Altogether, not a spectacle to command interest, even though the old man might be in distress.
That he was in distress was apparent from his gait.
He shuffled a few steps and then leaned against a building wall for a moment, panting, with his hand to his ragged chest. He went on and almost sagged to his knees. He recovered, and tottered along again, west toward the Hudson River.
The old tramp was carrying a bundle as disreputable looking as himself.
A tattered newspaper was the wrapping of the bundle. From one end trailed the jagged ends of a few broken slats. Some bits of string trailed out, too. The old fellow had obviously been out gleaning in ash cans and the city streets, getting odds and ends that he might sell for a few pennies, and bits of wood for fuel with which to cook.
As he neared Avenue of the Americas, he seemed to become more and more ill. His spells of leaning against something for support were longer. His shivering grew more intense. His face, or what you could see of it behind the straggly whiskers and the dirt, had a gray-green look. About the shade of a lima bean.
Coming down Avenue of the Americas was a Negro.
He was tall, as thin as part of a split-rail fence, with feet like barges and with a sleepy-looking dull-witted face. He walked in the same manner as he talked. There was a lazy inclination to use just as little energy as possible for the result desired.

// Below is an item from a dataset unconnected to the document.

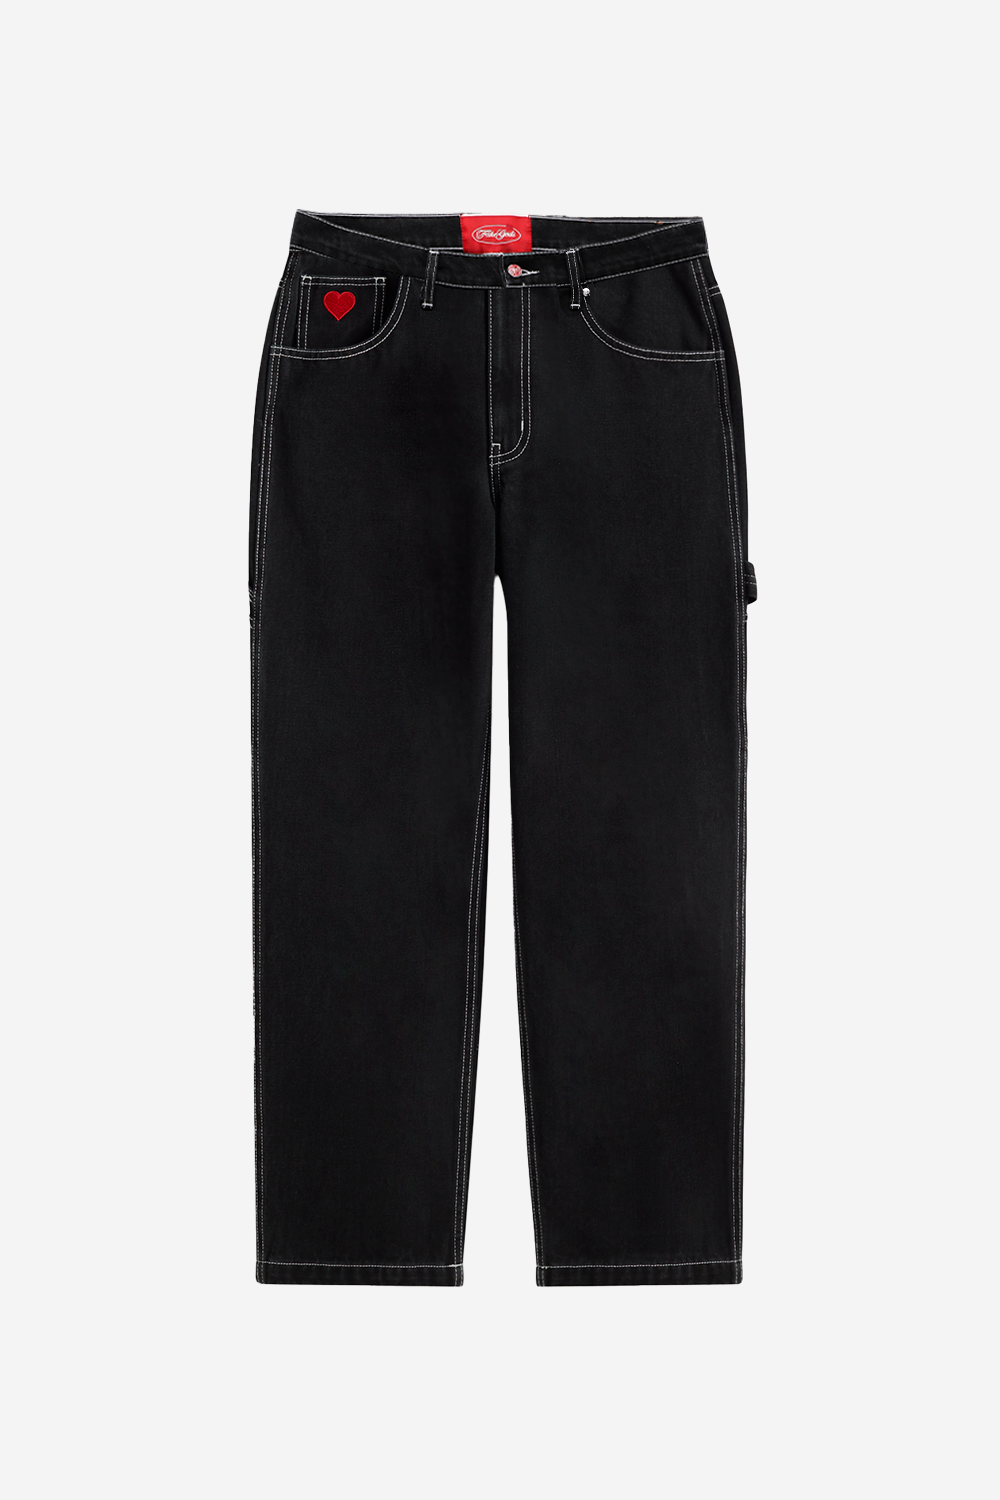 STRAIGHT TO THE HEART JEANS BLACK

Josh Newton had graduated with high honors from Tuskegee Institute. He could, and did, talk with the crisp and precise diction of a college professor when he was among friends, and his brain and body were as fast as chain lightning when there was need for it.
But all this could be inferred in one simple phrase: he was a valued aide of Richard Henry Benson, known to an increasingly uneasy underworld as The Avenger.
Josh reached the corner of Waverly and Avenue of the Americas just about the same time as the old man. They were across Waverly Place from each other; but even across the street Josh’s quick eye caught the old boy’s distress.
He crossed in a hurry and went up to the aged tramp.
“Anything wrong with you-all?” he drawled. Josh, with strangers, scrupulously lived up to his lazy, no-account appearance.
“No,” said the old man. “I’m all right.”
His voice asked no favors. In fact, it was a harsh and repellent voice.
“Looks to me lak you’s in trouble,” drawled Josh. “Ah got a few nickels if some food’d help.”
“I don’t need food,” snarled the old man. “Get away from me, will you?”
Josh stood back and viewed the trembling, tottering, ragged old ruin. And as he stepped back, the old man sank to his knees, floundered frantically to get up and could not make it.
Josh put an arm under the ragged shoulders.
“Get away from me, I tell you!” cried the old bum. “I’m all right—”
And saying this, he fell flat on his dirty, whiskery old face and lay in the dust of the sidewalk. He glared up at Josh, not unconscious, but unable to move a muscle.
So Josh picked him up and carried him to MacMurdie’s drugstore, which was a bare dozen steps from there and to which he had been going in the first place.